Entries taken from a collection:
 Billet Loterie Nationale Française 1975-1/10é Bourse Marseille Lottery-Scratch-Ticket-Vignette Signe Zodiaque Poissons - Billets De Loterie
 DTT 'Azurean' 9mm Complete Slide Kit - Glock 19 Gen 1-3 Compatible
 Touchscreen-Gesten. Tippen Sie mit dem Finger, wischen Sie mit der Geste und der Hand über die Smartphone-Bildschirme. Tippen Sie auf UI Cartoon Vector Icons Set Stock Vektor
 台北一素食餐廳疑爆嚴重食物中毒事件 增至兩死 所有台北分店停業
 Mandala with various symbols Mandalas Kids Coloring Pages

- [What is expected]
Please print exactly the lines of the entries above, beginning with the line that contains "台北一素食餐廳疑爆嚴重食物中毒事件 增至兩死 所有台北分店停業" and ending with the last line.

- [Reply]
 台北一素食餐廳疑爆嚴重食物中毒事件 增至兩死 所有台北分店停業
 Mandala with various symbols Mandalas Kids Coloring Pages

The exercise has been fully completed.